Talking about the time he spent with OneTaste, Ruwan realises how warped the environment had been. Although he’s aware he was used as a young man to entice older women to spend money at OneTaste, he’s keen to point out he was not the most exploited.
‘Nicole re-purposed the term “Aversion Therapy” as an extreme form of “doing uncomfortable things to help you grow as a person”. In practice this sometimes looked like women being encouraged to sleep with a man who repulsed her as proof they were so developed that they could “open their hearts” and orgasm with anyone.
‘Some female staff members would be encouraged to “love up” certain men with the understanding that this would lead to them spending money at OneTaste. In this case, it was framed as “bringing people to orgasm” as a spiritual practice,’ he explains.
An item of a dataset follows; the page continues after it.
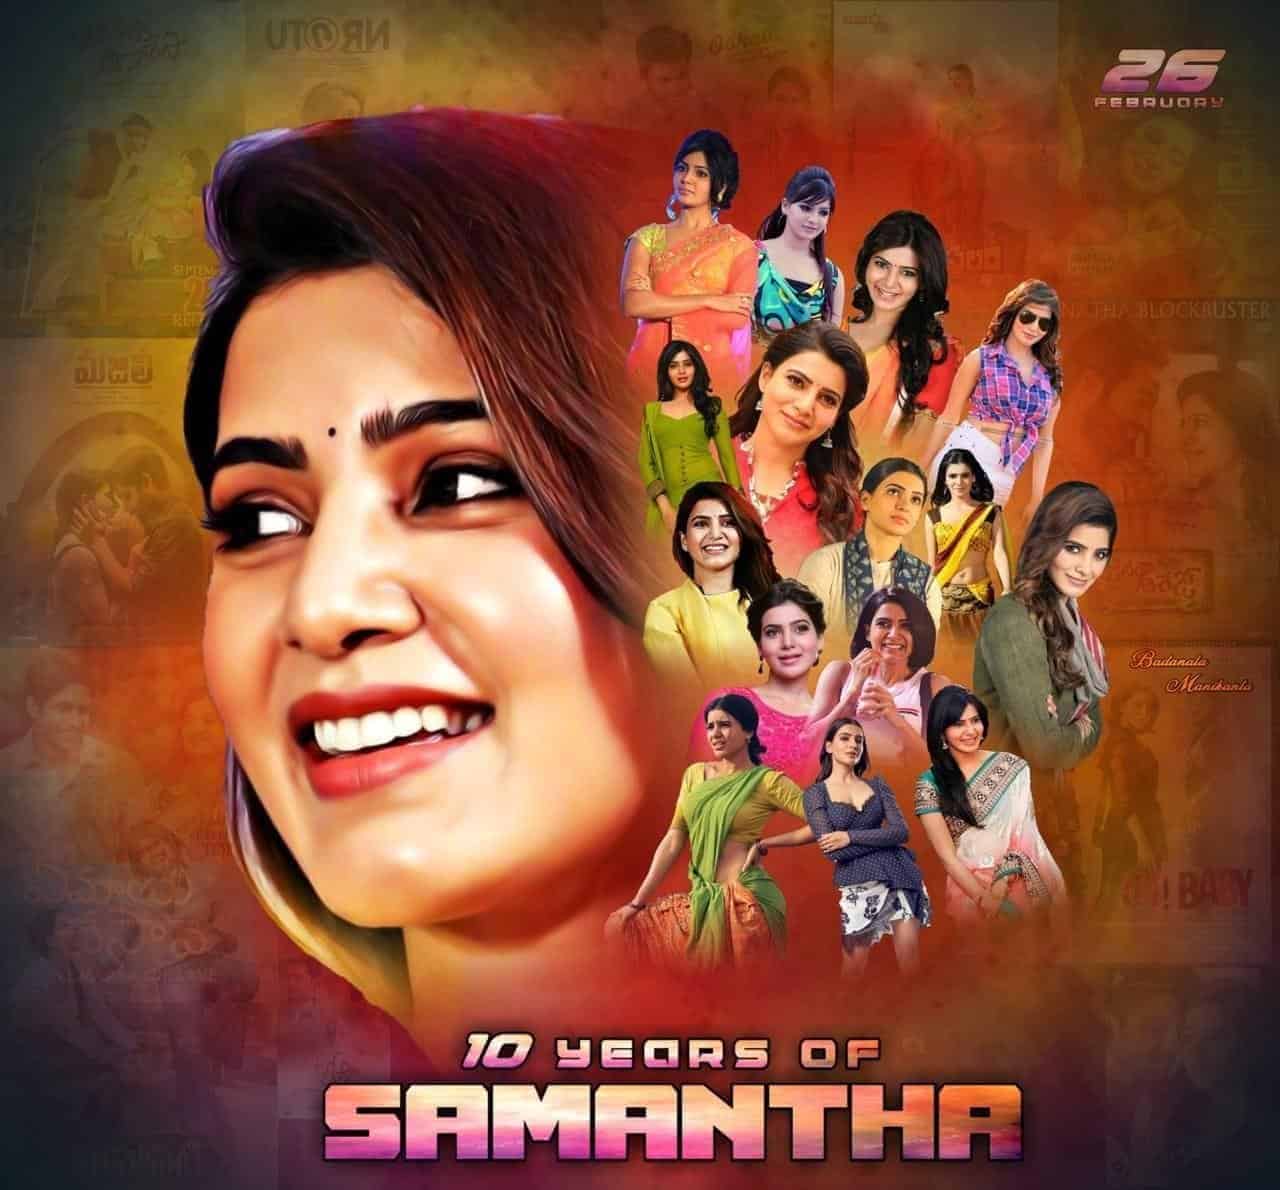 சமந்தா நடிப்புக்கு 10 வயதாம்

Ruwan insists that while he hasn’t been left traumatised by the experience, he is still rather ‘confused and disoriented’.
‘I wouldn’t necessarily think of myself as a victim. I would probably say that I gained more than I lost, because it did heal a lot of my anxieties, especially in those first months there,’ he explains. ‘But a number of women that I knew from then, some of whom also testified in the court case are still experiencing PTSD.’
Ruwan is author of Orgasm – A Memoir.